6 Mart 2024 Çarşamba

Disappearing Printer Ink: A Case Study in Employee Fraud

Despite futurists’ predictions, we don’t live in a paperless business world. Printer ink and toner are still an expensive necessity. Fraudsters depend on ink costing organizations more than caviar. Here’s how to prevent this asset misappropriation and possibly save millions.


In the city of Las Vegas, known for its high-stakes games and big winners, a different kind of gamble was taking place. This time, the player was not a tourist trying their luck, but a municipal purchasing analyst named Jennifer J. McCain-Bray. Over eight years, she managed to steal $6,715,531 worth of toner and ink cartridges from her employer, the Las Vegas Valley Water District.

The Scheme

McCain-Bray’s fraud was simple yet effective. She would order unneeded cartridges and ship them under a fake vendor name to a company in New Jersey that bought and sold toner and ink online. This fake vendor allowed McCain-Bray to misuse the water district’s shipping system, which even paid postage on the stolen cartridges.

The Fallout

McCain-Bray’s scheme came to an end when a coworker became suspicious about a package addressed to the fake vendor. This led to a review of purchasing records, and McCain-Bray resigned in December 2015. She was eventually sentenced to 51 months in federal prison and ordered to pay back the entire $6.7 million.

The Bigger Picture

This case is not an isolated incident. According to the ACFE 2020 Report to the Nations, theft of noncash property, such as office supplies, rose from about 10% to 18% of fraud cases between 2002 and 2020. Despite predictions of a paperless business world, printer ink and toner remain an expensive necessity, and fraudsters are capitalizing on this.

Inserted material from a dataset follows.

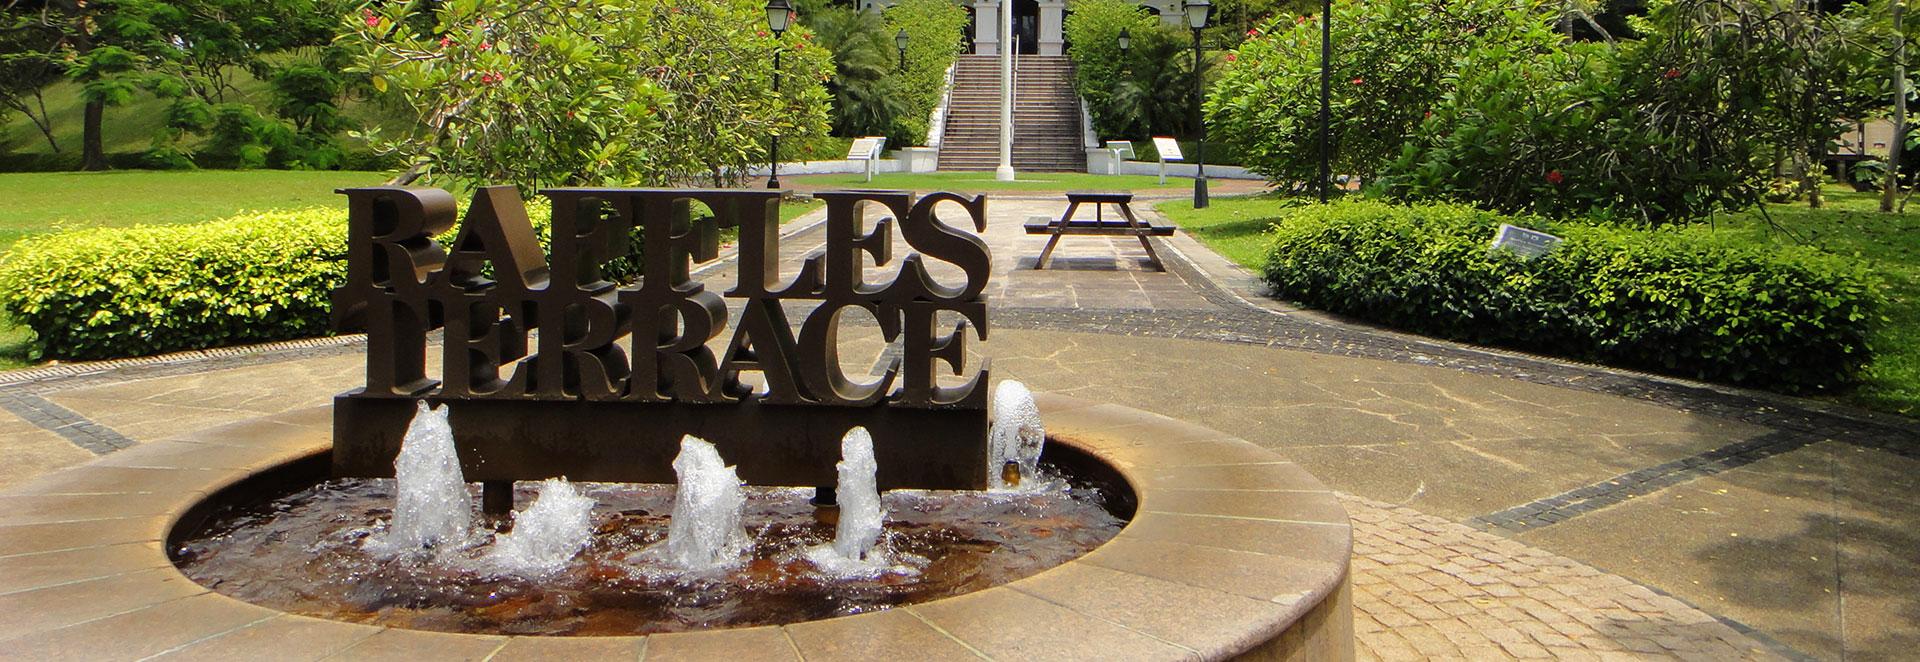 Raffles terrace voicemap singapore
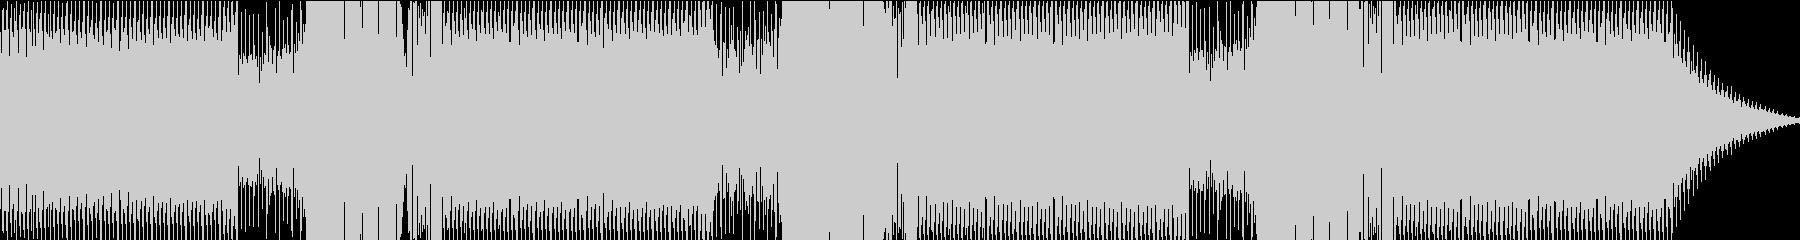 心地よい重低音なエレクトロビートの未再生の波形

Printer toner and ink are popular theft targets because of their high retail prices and ease of resale.

Key Lessons Learned

The case of Jennifer J. McCain-Bray serves as a stark reminder of the potential for employee fraud within any organization. Here are some key lessons that can be learned from this case:

  • Vigilance is Key: Regular audits and checks can help detect fraudulent activities early. In this case, a coworker’s suspicion led to the discovery of the fraud.
  • Robust Internal Controls: Having strong internal controls can prevent such incidents. This includes having checks and balances in place for ordering and shipping items.
  • Foster a Culture of Ethics: Encouraging a culture of transparency and ethics can deter employees from engaging in fraudulent activities.
  • Regular Training: Regular training on ethics and the potential consequences of fraud can help employees understand the seriousness of such actions.
  • Encourage Reporting: Create a safe and anonymous way for employees to report suspicious activities. This can help in early detection and prevention of fraud.